FRIDLEY, Minn. — This story originally aired on July 6th, 2015.
Sometimes the headaches are so bad Matt Birr can barely leave the house.
It's one of the things a man must live with after he's been shot in the head.
A man does not, however, have to surrender.
Birr puts on his banana costume, mounts his Segway and gets to work entertaining another river of drivers on their way home from the office.
"This could be one of the reasons that I'm still alive," he says.
To hear his story is to wonder how Matt Birr and "alive" can even be written in the same sentence.
Birr was just 10 weeks into his first deployment to Afghanistan when a group insurgents rained bullets down from a mountain on his army camp.
Birr was off duty at the time, in a recreation center, messaging with his mother on Facebook. A bullet came through the roof, entered the back of his skull and exited near his right eye.
It was August 2009. Birr - just 19 years old at the time - would spend months in military hospitals recovering.
"I have a seizure disorder, some memory loss issues and headaches that just won't go away sometimes," Birr says. He's also lost his vision on the left side in both eyes.

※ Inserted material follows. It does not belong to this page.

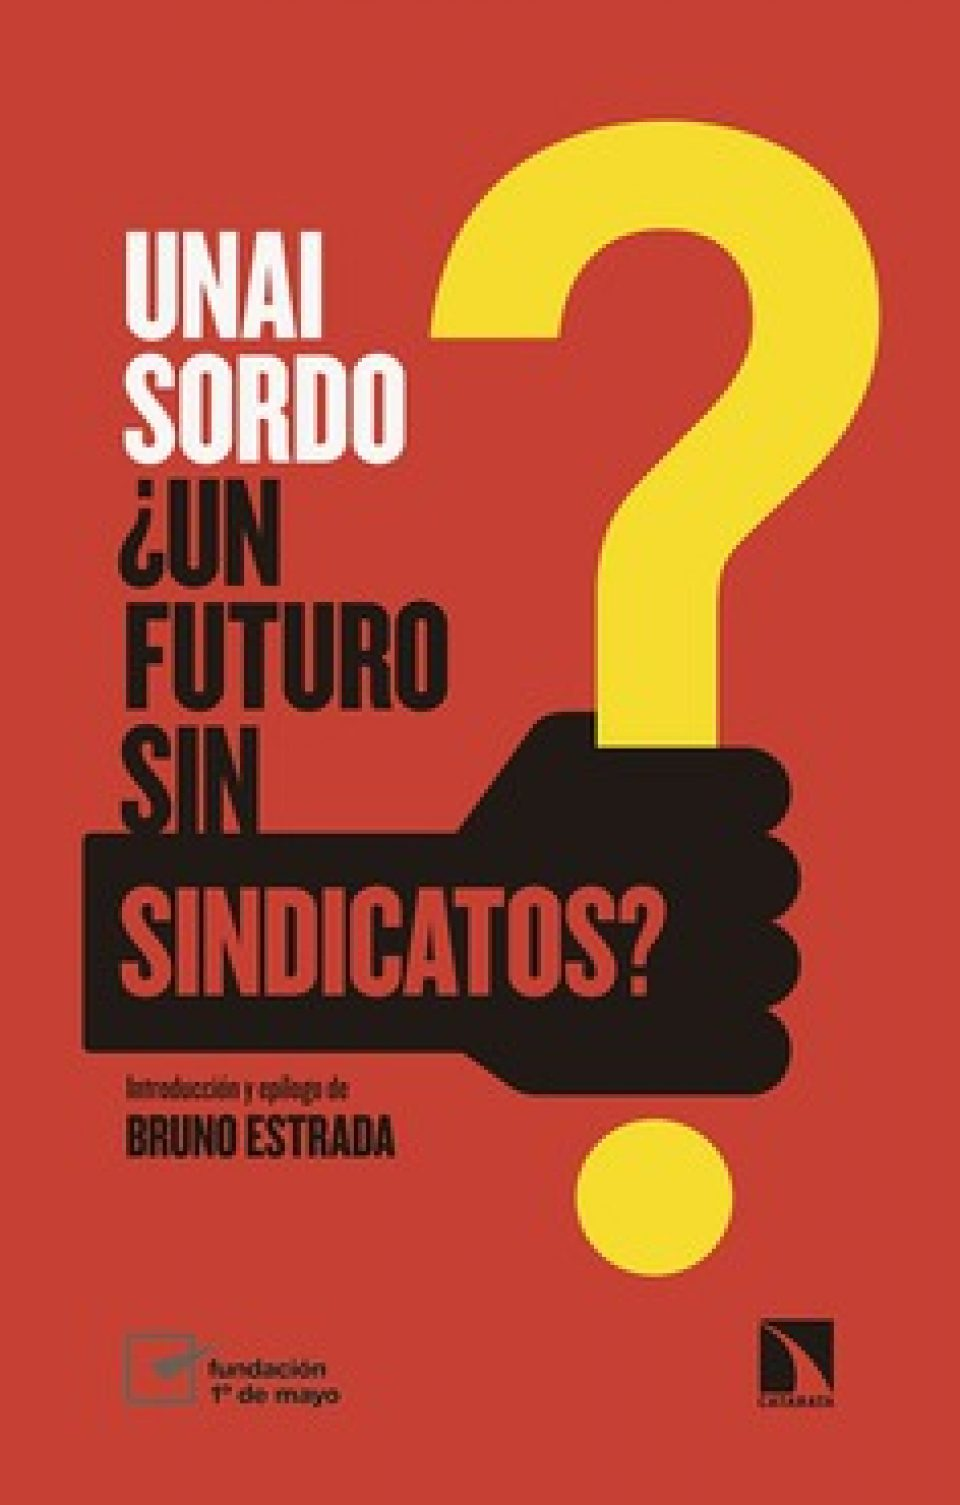 http://unaisordo.com/wp-content/uploads/2019/07/futuro-sin-960x1505_c.jpg

A ceramic plate has replaced part of his skull.
Working a regular job is no longer possible, but Birr has given himself a task all his own.
Every day when the weather is decent, he can found in costume along one of Fridley's busy streets in one of 30 costumes, riding a Segway, and dancing and waving to passing motorists.
"If I'm not able to get a job or work, might as well get people to laugh that are coming home from a bad day at work," he says, "so I don't feel worthless."
Birr started his roadside entertainment in the banana suit nearly three years ago. Now he comes out on various days as a Coke bottle, Gumby, Spiderman or in one of two dozen other costumes.
"Did I get a smile on your face?" he asks. "Well, then my job's done."
The Segway was donated by an organization called Segs4Vets. Since Birr can't drive a car anymore, the gift has given him back his mobility.
Birr has put more than 3,000 miles on the Segway, most of those in costume.
Frieda Birr says the bullet took much from her son, but not his sense of humor. "No, it just made it worse," she smiles.
"This is his job," she continues. "This is what he does – goes around and tries to make people happy."
Happiness is a two-way street – and Birr enjoys his daily rides as much as his audience does.
"One of his best friends committed suicide last year and that was very hard on him," explains his mom.
Matt has battled post-war demons too, but says his costumedrides and the interactions they help foster help him push back negative thoughts.
"Seeing people looking at me, smiling, waving at me, asking me why I do these things... that for the most part reassures me, hey, there's something more I need to do here."
Birr spins on his Segway as he waits for a light to turn green. A man on a bicycle across the intersection smiles and waves. Birr smiles back.
The light turns green – and both men go on with their lives.